Watson begins by weaving the legend of the Low man - a threatening bounty hunter with an almost supernatural ability to detect and murder even the most cunning and well-hidden criminal. Killers, rapists, and thieves have equal levels of respect and fear for this unstoppable force, and I was desperate to meet him and study his work.

And yet, when I met the Low man, the formidable Adonias Low, he was nothing but a humble farmer, a family man with twin teenagers, and a respected member of his community. I was confused - could this be the Low man or have I misunderstood something along the way?
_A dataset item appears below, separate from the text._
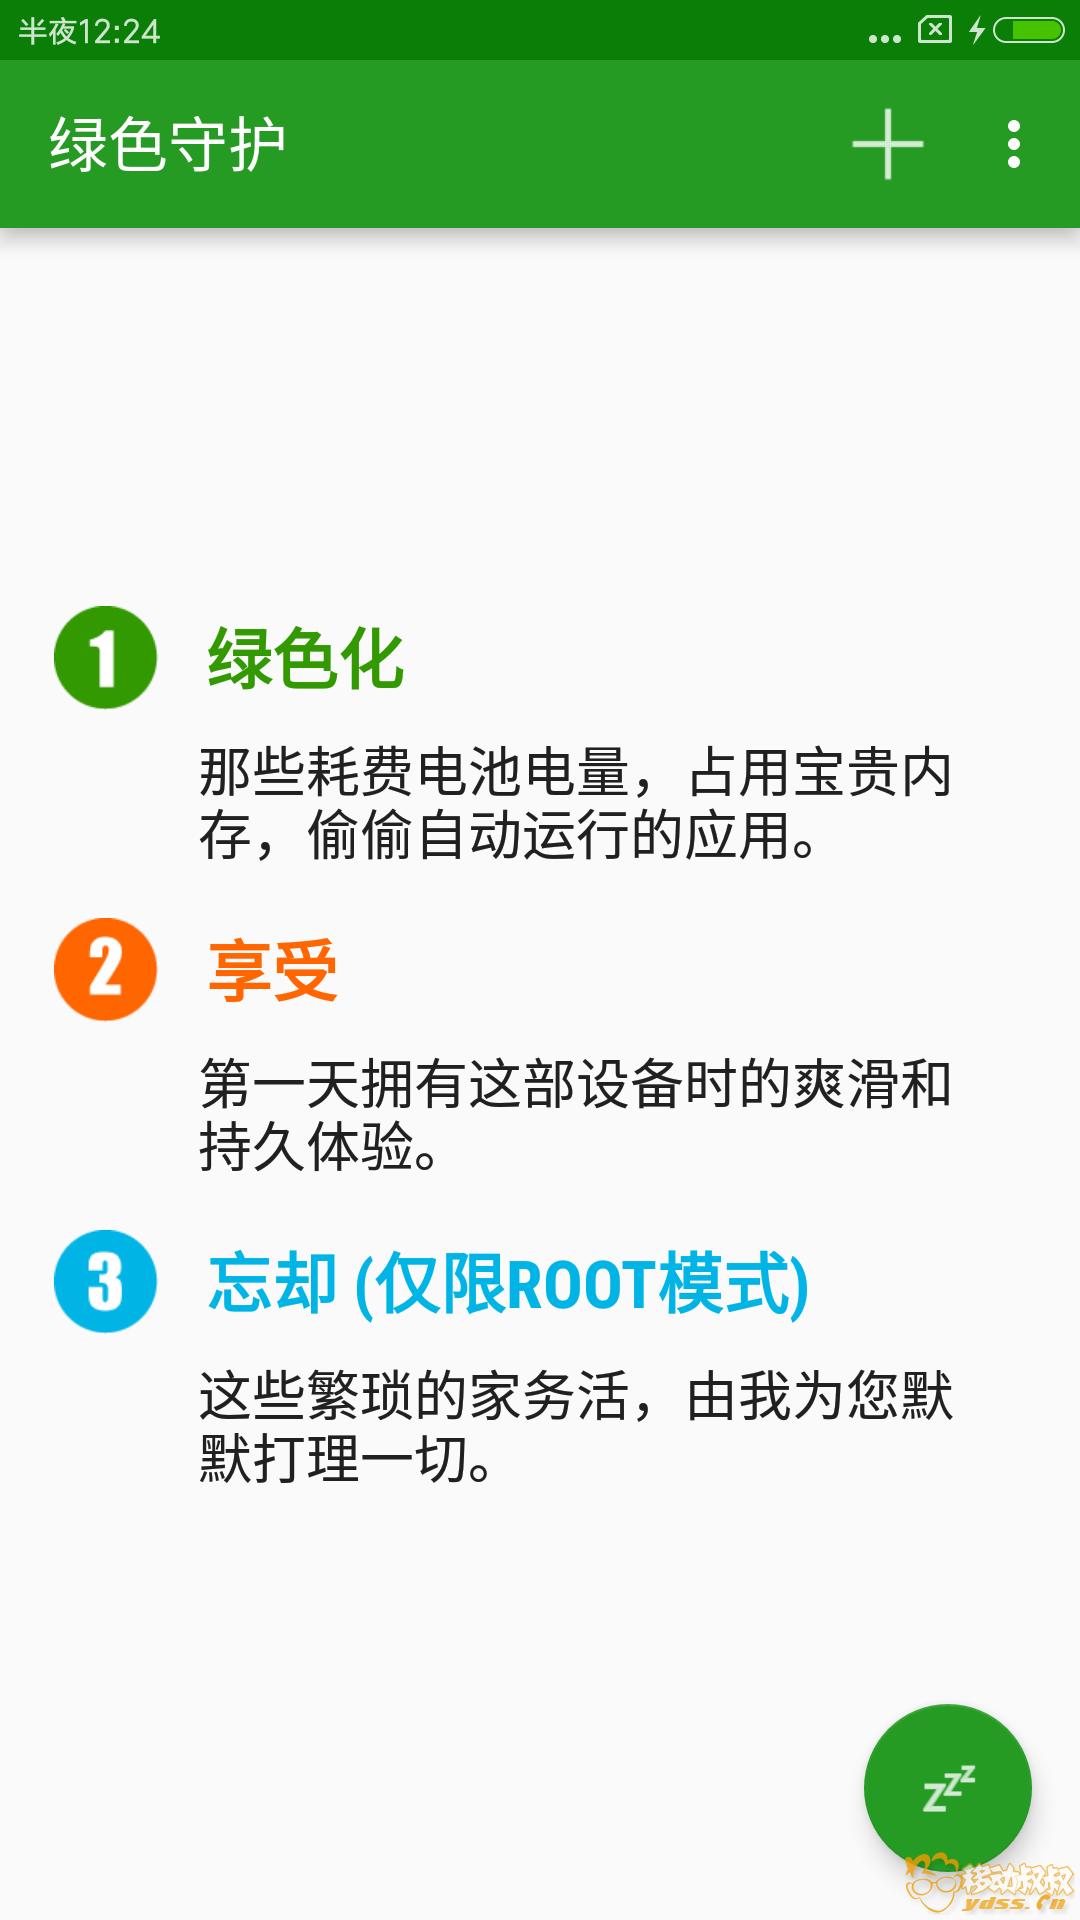 Screenshot_2017-07-04-00-24-27-093_com.oasisfeng.greenify.png

An excellent job is done in building up characters. I was made to understand their histories and motivations, their current situations and to some extent, their dreams. For a while I fooled myself into thinking I was reading a nice little historical fiction novel, until the local gin distributor asks Adonias to travel alongside one of his deliveries as security. That was when shit hit the fan, and that was when I met the Low man.

There’s some glorious macabre horror here, everything from disgustingly well-painted gore, to the unsettling mindsets of some characters. Watson has it all here, physical terror, emotional terror, the terror of the unknown, and the terror of other people. I was newly enthralled and disgusted constantly, with the evil and destruction creating an irrevocable sense of chaos which only grew larger the further I read.

An excellent story for those who love a thriller, and particularly for those who wouldn’t usually pick up a western. Adonias Low and his superhuman ability to track, kill, and survive, will grab you by the collar and shake you until your skull shatters.